===== Task input

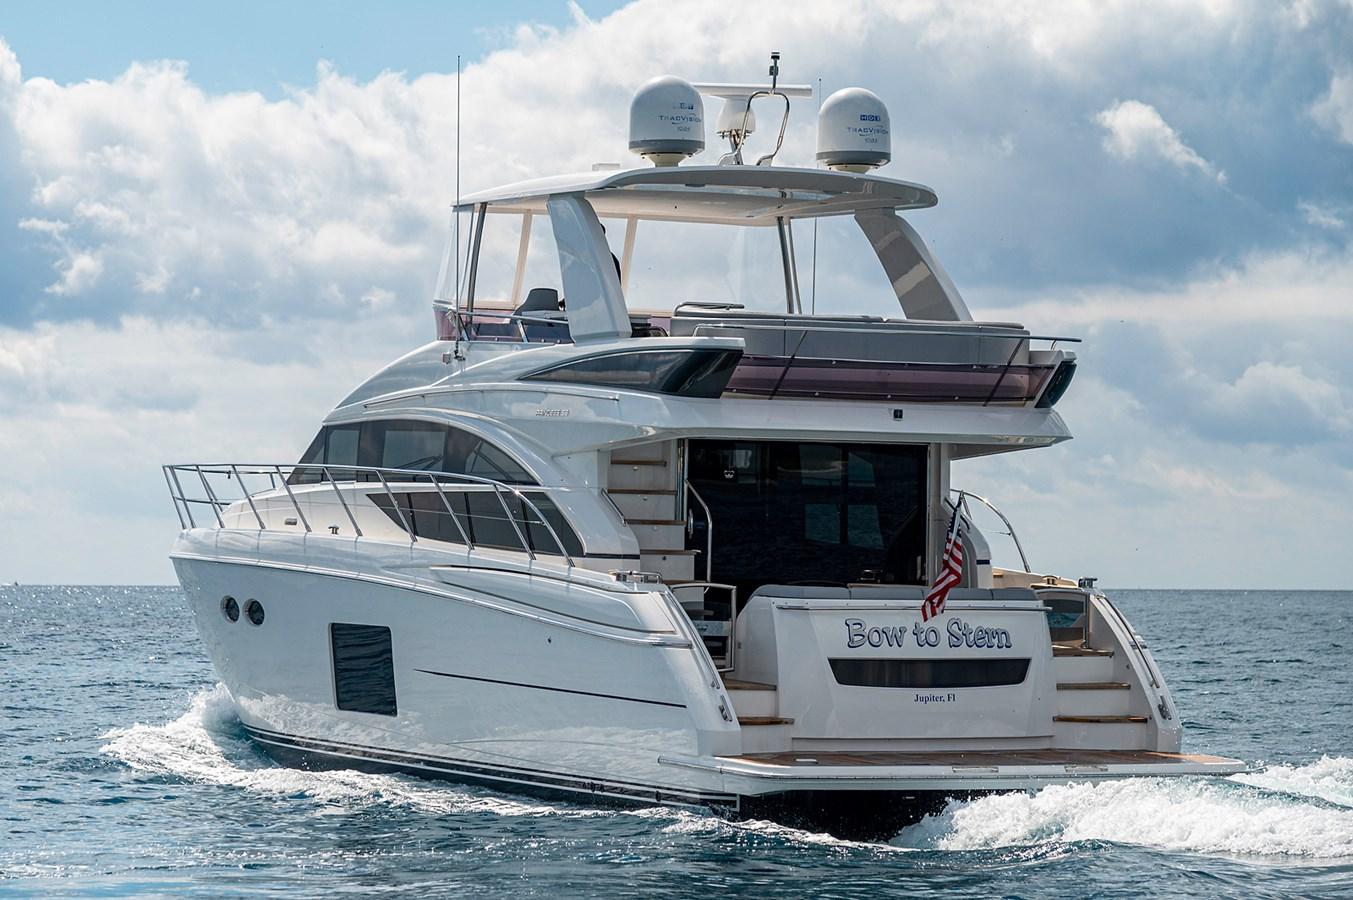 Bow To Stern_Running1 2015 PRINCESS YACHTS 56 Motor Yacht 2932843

==========
===== Task input

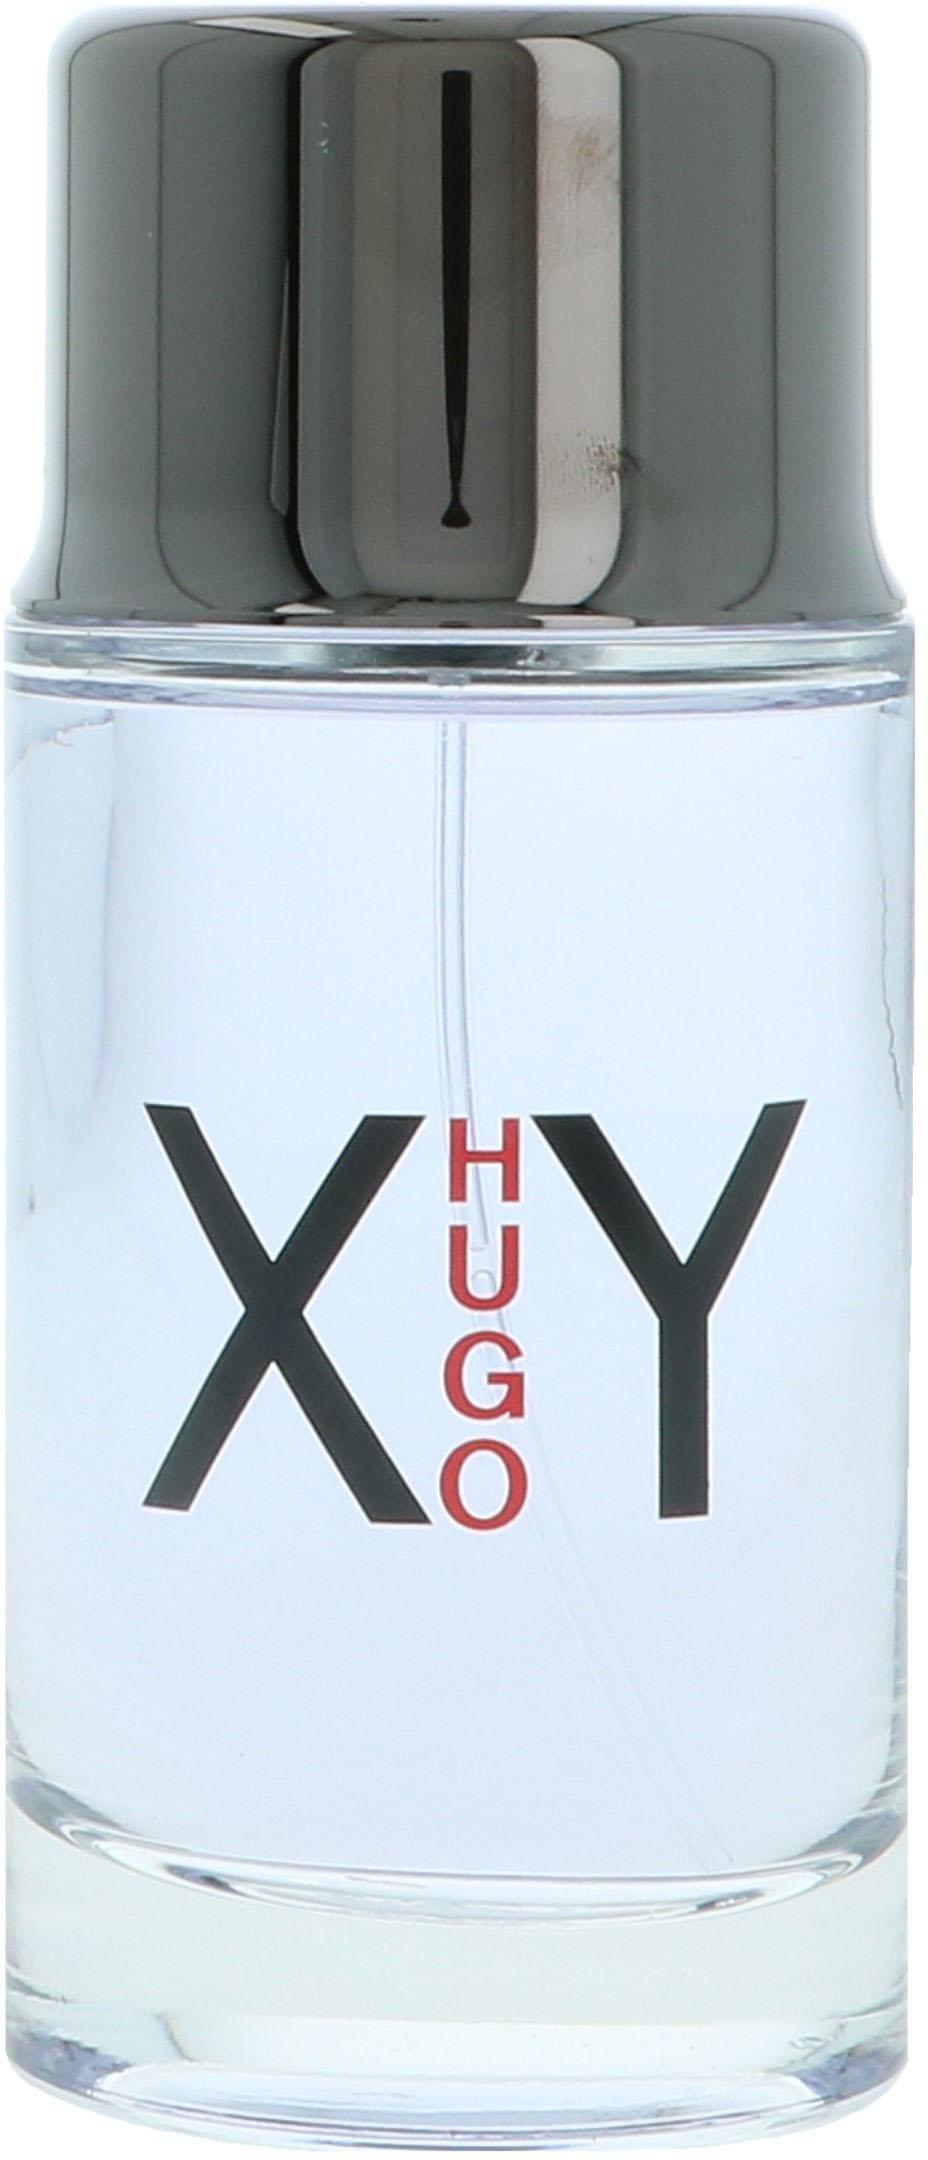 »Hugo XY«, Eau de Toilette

==========
===== Task input

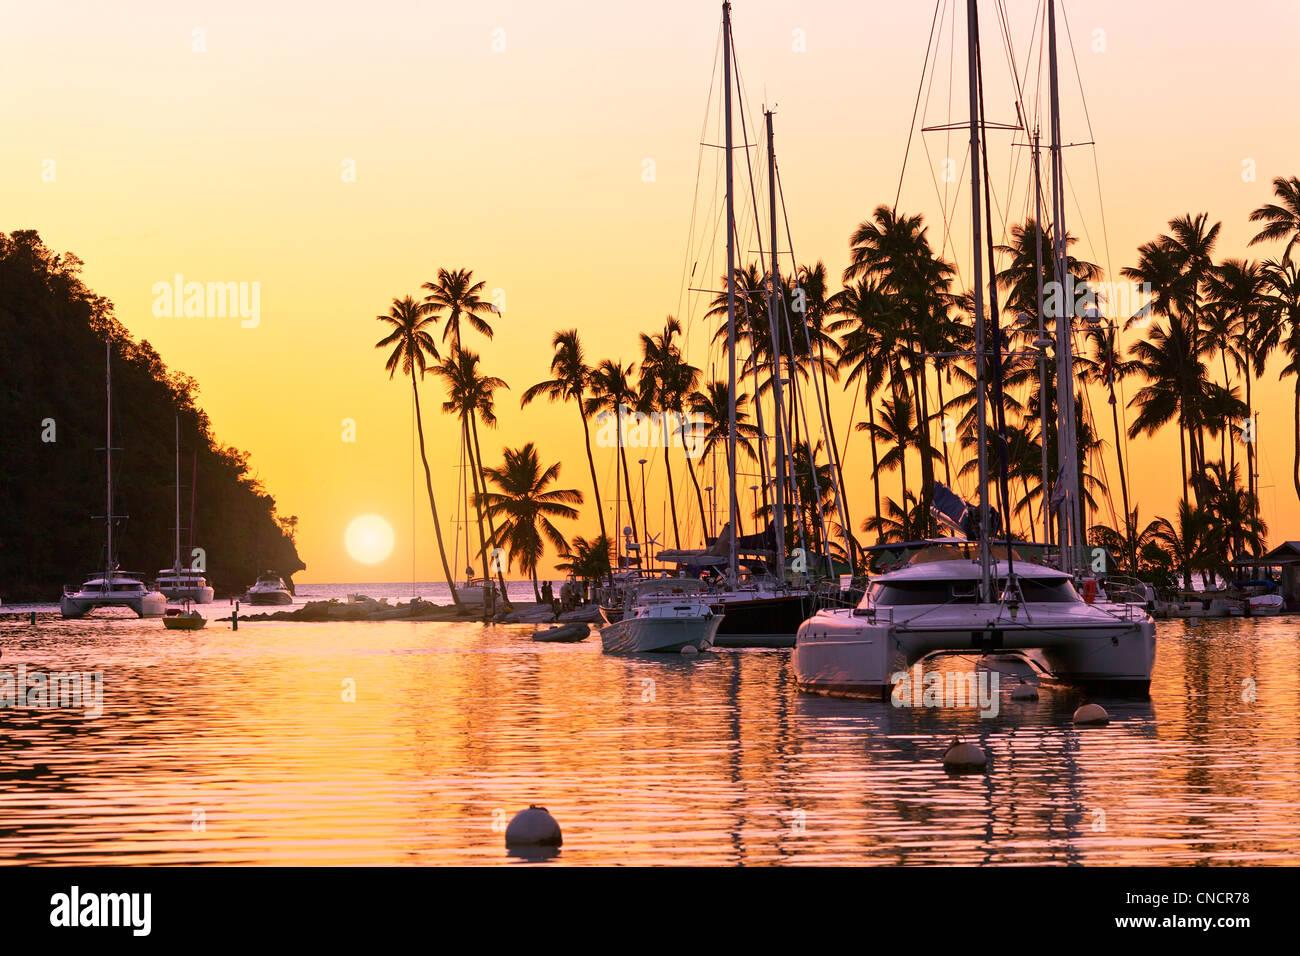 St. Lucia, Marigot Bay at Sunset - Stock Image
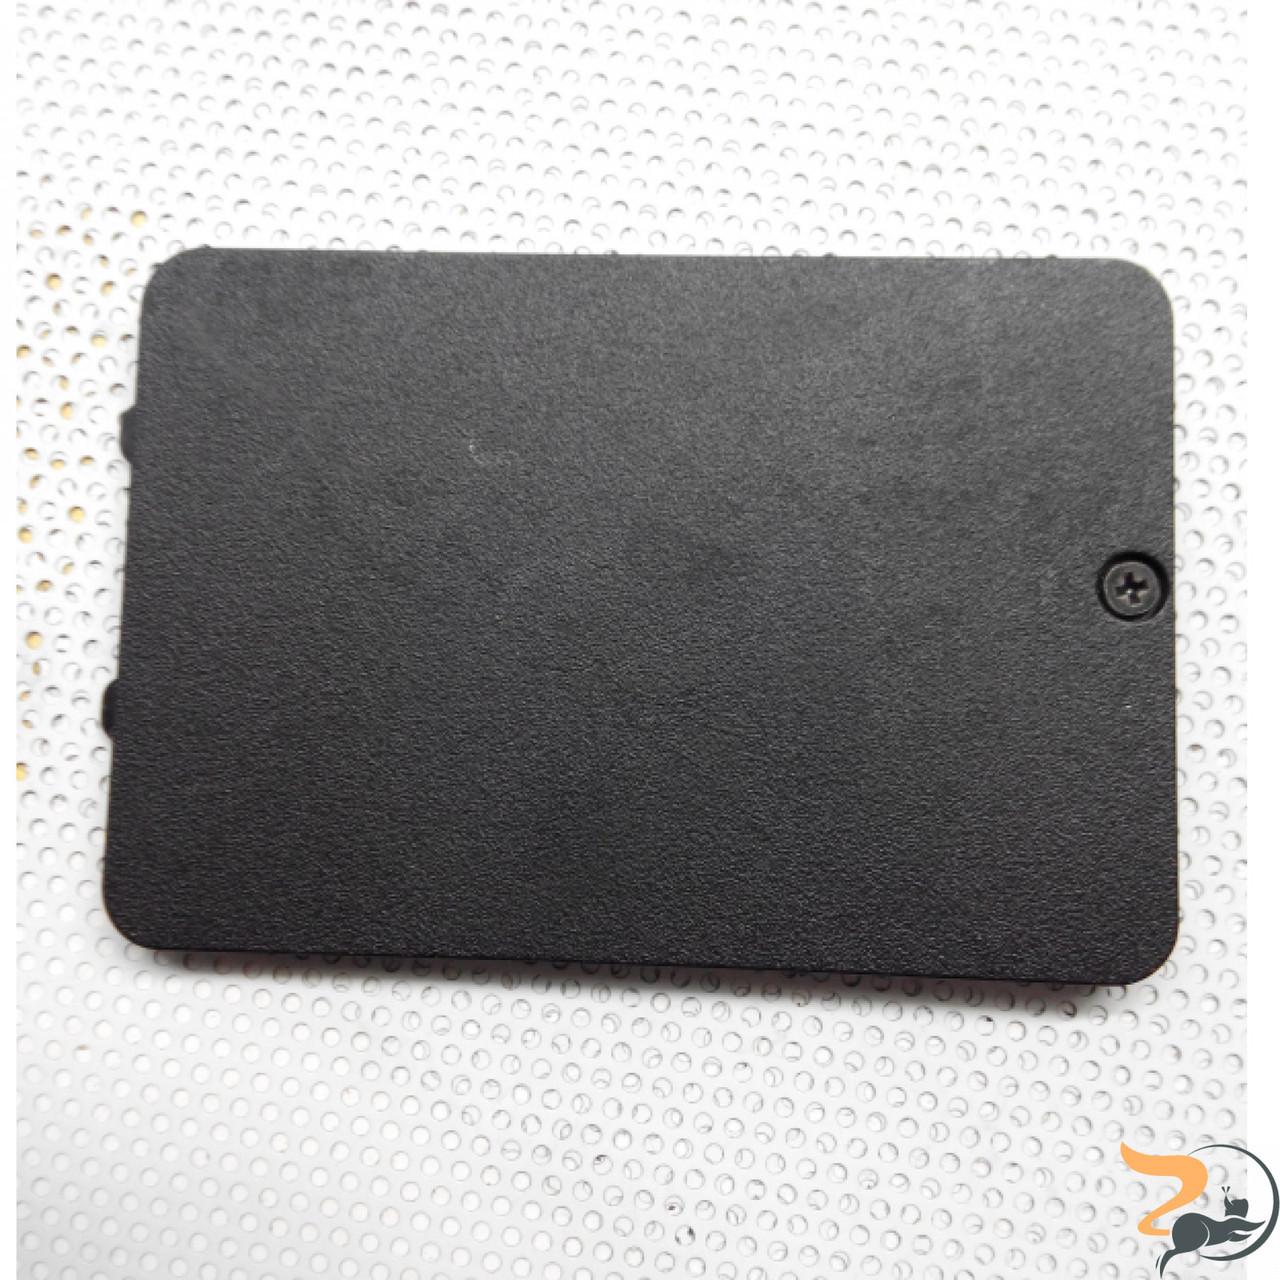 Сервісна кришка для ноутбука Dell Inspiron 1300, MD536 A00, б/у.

==========

▶ _What to produce_: Copy exactly the part of the material above that opens with the line containing "St. Lucia, Marigot" and closes with the line containing "Сервісна кришка для", ends included. Drop the images.

▶ _Output of the exercise_:
 St. Lucia, Marigot Bay at Sunset - Stock Image
 Сервісна кришка для ноутбука Dell Inspiron 1300, MD536 A00, б/у.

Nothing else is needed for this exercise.